Du bout des doigts, je reprends le papier qui me sert d'éventail. Je n'ai plus la force de bouger. La chaleur me liquéfie pour m'arrimer au sol. Je retire quelques mèches échappées de mon chignon et qui se collent à ma peau. Leur simple contact m'irrite, de même que ma culotte. Je ne porte rien d'autre afin de profiter au maximum du souffle du vieux ventilateur rouillé. Certes, il ne fait guère davantage que recycler l'air chaud pour me le renvoyer par bouffées moites. Sauf qu'en séchant la fine pellicule de sueur qui me macule, je gagne une vague sensation de fraîcheur que je ne sacrifierais pour rien au monde. 

J'agite mon éventail un peu plus fort, puis laisse retomber mon bras. Là où ma transpiration a coulé, j'ai envie de me gratter, mais je sais que je ne ferai qu'aggraver l'inflammation de ma peau. 

Je jette un coup d'oeil à l'écran de mon téléphone. Trente minutes se sont écoulées. C'est le moment de se tourner. Je roule sur le carrelage afin de changer de zone, là où mon corps n'aura pas encore réchauffé le sol. Pas la force de faire mon mémoire alors que je n'ai déjà pas envie de manger. Je me dis que j'aurais peut-être dû accompagner ma famille dans les Alpes plutôt que de prétexter des musées et expositions à faire sur Paris. Ils doivent être près de la neige, et rien que cela me barbouille d'une nauséeuse jalousie . 

Après, il est vrai que j'aurais peut-être intérêt à me rendre au Louvre afin de profiter de la climatisation. Les momies de la section égyptienne ne sont pas bavardes, mais leur sort est plus enviable que celui d'une étudiante en chambre de bonne à Paris. Sauf qu'à l'idée de prendre les transports...

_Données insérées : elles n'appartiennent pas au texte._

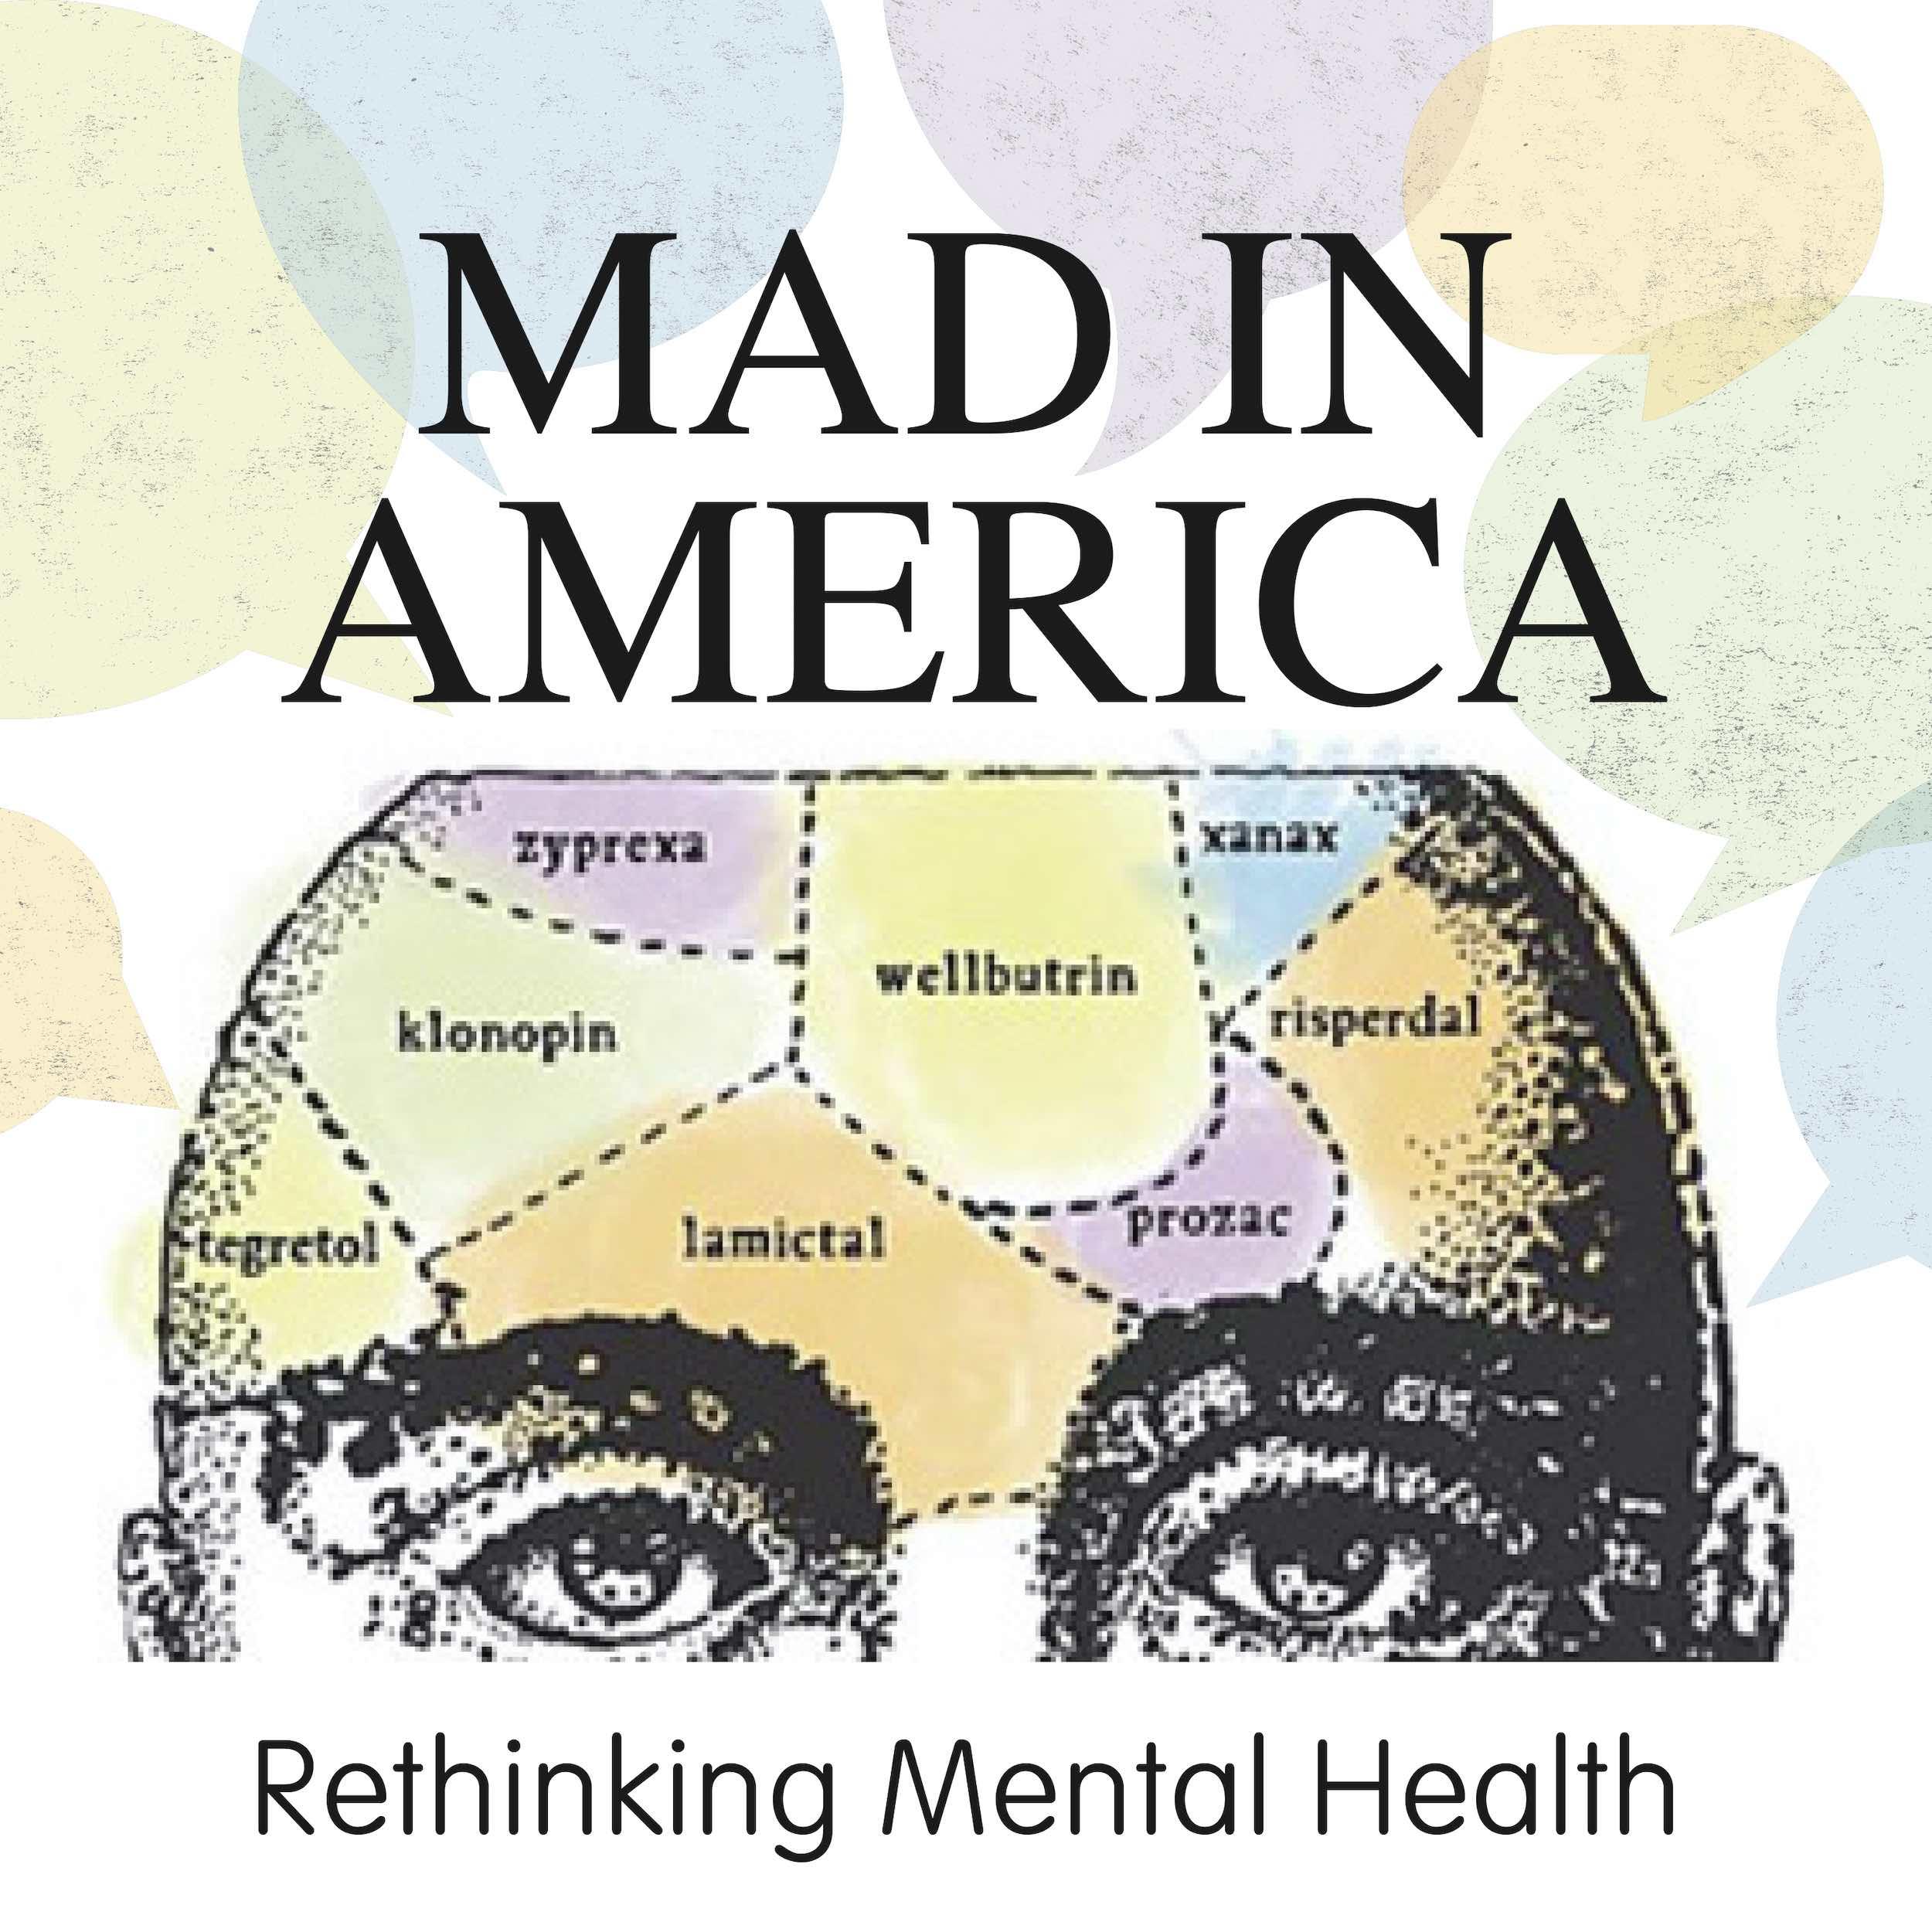 Mad in America: Rethinking Mental Health - Angela Peacock - Medicating Normal

Non, le carrelage, c'est bien mieux. Au moins, je n'aperçois plus le mercure qui indique 45°C dans un coin de ma chambre. Peut-être qu'à force de l'ignorer, je finirai par l'oublier. 2067 ne fait pas exception aux années précédentes question température. Je serais prête à parier que l'humanité s'éteindra sur ce géant barbecue devenu la Terre bien avant la prochaine guerre nucléaire ou catastrophe magique. Avec l'eau évaporée de notre corps, peut-être qu'on pourra rendre un peu de pluie au ciel ?

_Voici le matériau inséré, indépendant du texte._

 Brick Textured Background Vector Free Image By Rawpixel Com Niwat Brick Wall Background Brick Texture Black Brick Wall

Perdue dans mes pensées moribondes, je déplie mon éventail de fortune du bout des doigts. Il est mouillé du contact de ma peau. Mon relevé bancaire de juillet. Il sent les bureaux climatisés, et quelque part c'est la seule image que cela m'inspire. C'est un privilège de nos jours de pouvoir porter des chemises blanches en été et j'imagine que mon banquier savoure ses heures de travail depuis la pénombre de son bureau. Je ne me souviens même plus de son visage, juste de la climatisation qui ronronne au-dessus de lui. En réalité, je pense que ce que je sens couler dans mon oreille, ce n'est pas de l'eau, mais mon cerveau qui se liquéfie et cherche à s'échapper de cette fournaise. 

Impossible de composer un poème dans ces conditions. Je regarde mon cahier et mon stylo sur le bureau, juste devant la fenêtre, frappés par le soleil. Il y a des météos propices à la création. La canicule n'en fait pas partie. 

Oui, vivement que la nuit tombe. Certes, le feu sera toujours là pour brûler les visiteurs hagards, mais au moins il n'y aura plus le soleil pour attiser l'incendie. Je descendrai l'escalier pour me hâter sous les réverbères, devenue voisine des éphémères et autres papillons des ombres. Peut-être qu'une étoile me guidera à un bar climatisé où, contre deux euros pour un pastis, je pourrai profiter un temps de l'air conditionné. 

Mon relevé bancaire à la main, je parcours mes dépenses de début juillet afin d'estimer combien de ces sorties mon compte m'autorisera. En ajoutant la seconde moitié du mois, la pire, je suis très loin d'un ricard quotidien. Une poignée tout au plus. Écoeurée par la chaleur, je lis et je relis la même ligne. Le papier s'est froissé et les angles se racornissent. C'est à force de le triturer avec mes doigts poisseux. 

C'est marrant. 

D'un coup, je ne vois plus le papier, mais cette espèce de chronologie bancale de ma vie en format A4. Je reconnais quelques erreurs de parcours dans des bars, mes achats de début de mois dans les boutiques d'art et les repas pris avec d'autres étudiants en plein mémoire à la cafétéria du Crous. 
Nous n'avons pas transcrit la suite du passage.